На этот раз, к моему облегчению, самого Эренбурга дома не оказалось.
Нас приняла Любовь Михайловна. Меня поразил ее облик. Это была высокая, стройная женщина, с гордым профилем и удивительно длинными, почти что до ушей, глазами в тяжелых веках. Фальк считал, что она похожа на египетскую статуэтку эпохи Нового царства. Она говорила, слегка растягивая слова, о последних событиях во Франции, об оккупированном Париже, о знакомых Фальку художниках и их судьбе при фашистах. Фальк жадно расспрашивал. Вести были грустные.
Мы сидели за столом, покрытым не белой, как тогда было распространено, а цветной клетчатой скатертью. За спиной у Любови Михайловны на стене висела чудесная репродукция Боннара — красные маки в белом кувшине. Время от времени Фальк вдруг как бы забывался, задумывался, пристально разглядывая репродукцию. Когда мы прощались, он подошел к картине, снял очки, снова надел их и глубоко вздохнул. Любовь Михайловна понимающе улыбнулась, подошла к стене и сняла картину: "Хотите? Повесьте у себя". "А как же вы?" — смущенно пробормотал Фальк, в то же время протягивая навстречу обе руки, как ребенок к новой игрушке. Мы вышли на улицу. Было уже поздно. Ветер раскачивал потушенные фонари. Фальк бережно прижимал к груди Боннара. Он был взволнован, молчалив, он был далеко-далеко… в Париже… А я с болью думала о Москве. Что ждет ее в ближайшие годы?

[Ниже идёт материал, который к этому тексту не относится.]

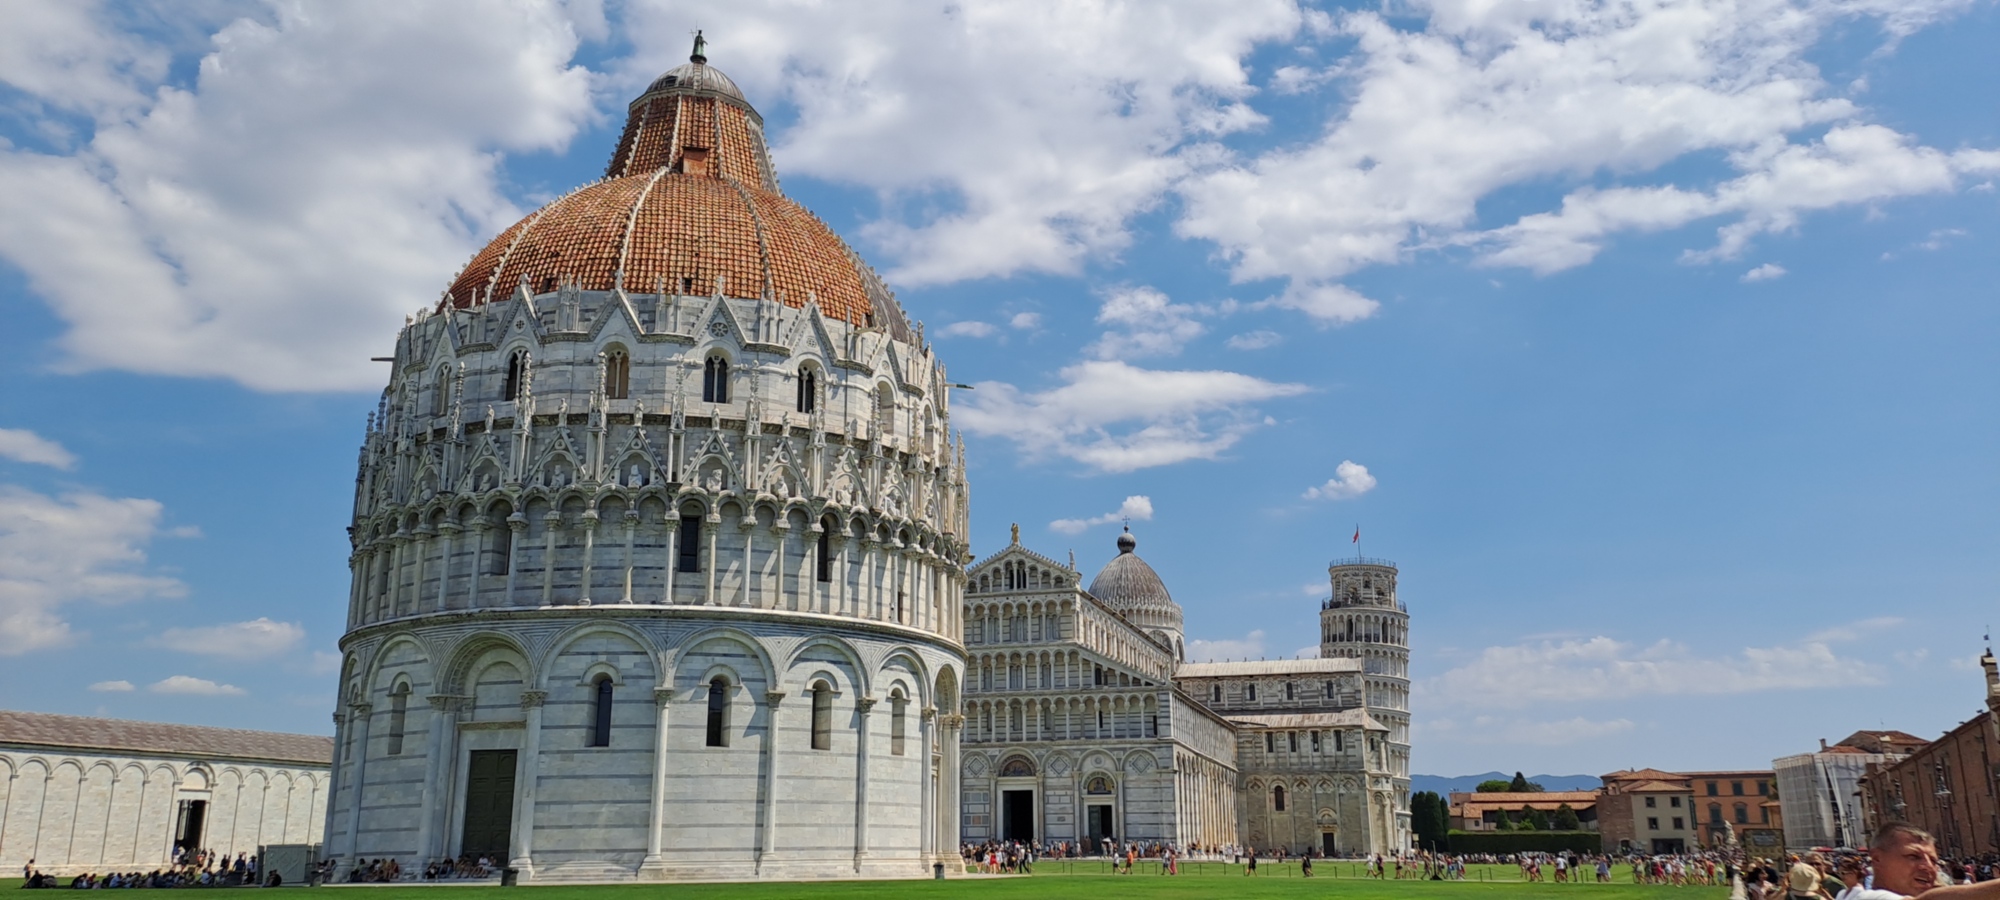 Guided visit to the Field of Miracles and Leaning Tower climbing in Pisa

В зиму 1940/41 года Фальк часто бывал у Эренбурга. Я оставалась дома тяжелая болезнь сердца надолго уложила меня в постель. Возвращаясь домой, Фальк много рассказывал мне о том, что говорилось у Эренбурга. Он старался не расстраивать меня тревожными новостями и больше пересказывал свои с Любовью Михайловной воспоминания о довоенном Париже, разговоры с Ильей Григорьевичем о живописи, о романе, которым он был сейчас занят и где один из героев романа, художник Андре, будет чем-то похож на Фалька. Перечитывая сейчас "Падение Парижа", я представляю себе этого сына нормандского крестьянина и внешне похожим на Фалька: "Сам хозяин походил на дерево большой, медлительный, молчаливый. С утра он садился за работу: писал крыши или натюрморты…" Фальк говорил, что роман будет очень интересен, что в нем замечательно описаны Париж и Франция. "И, — добавил Фальк, — Эренбург думает, что скоро будет война с немцами…"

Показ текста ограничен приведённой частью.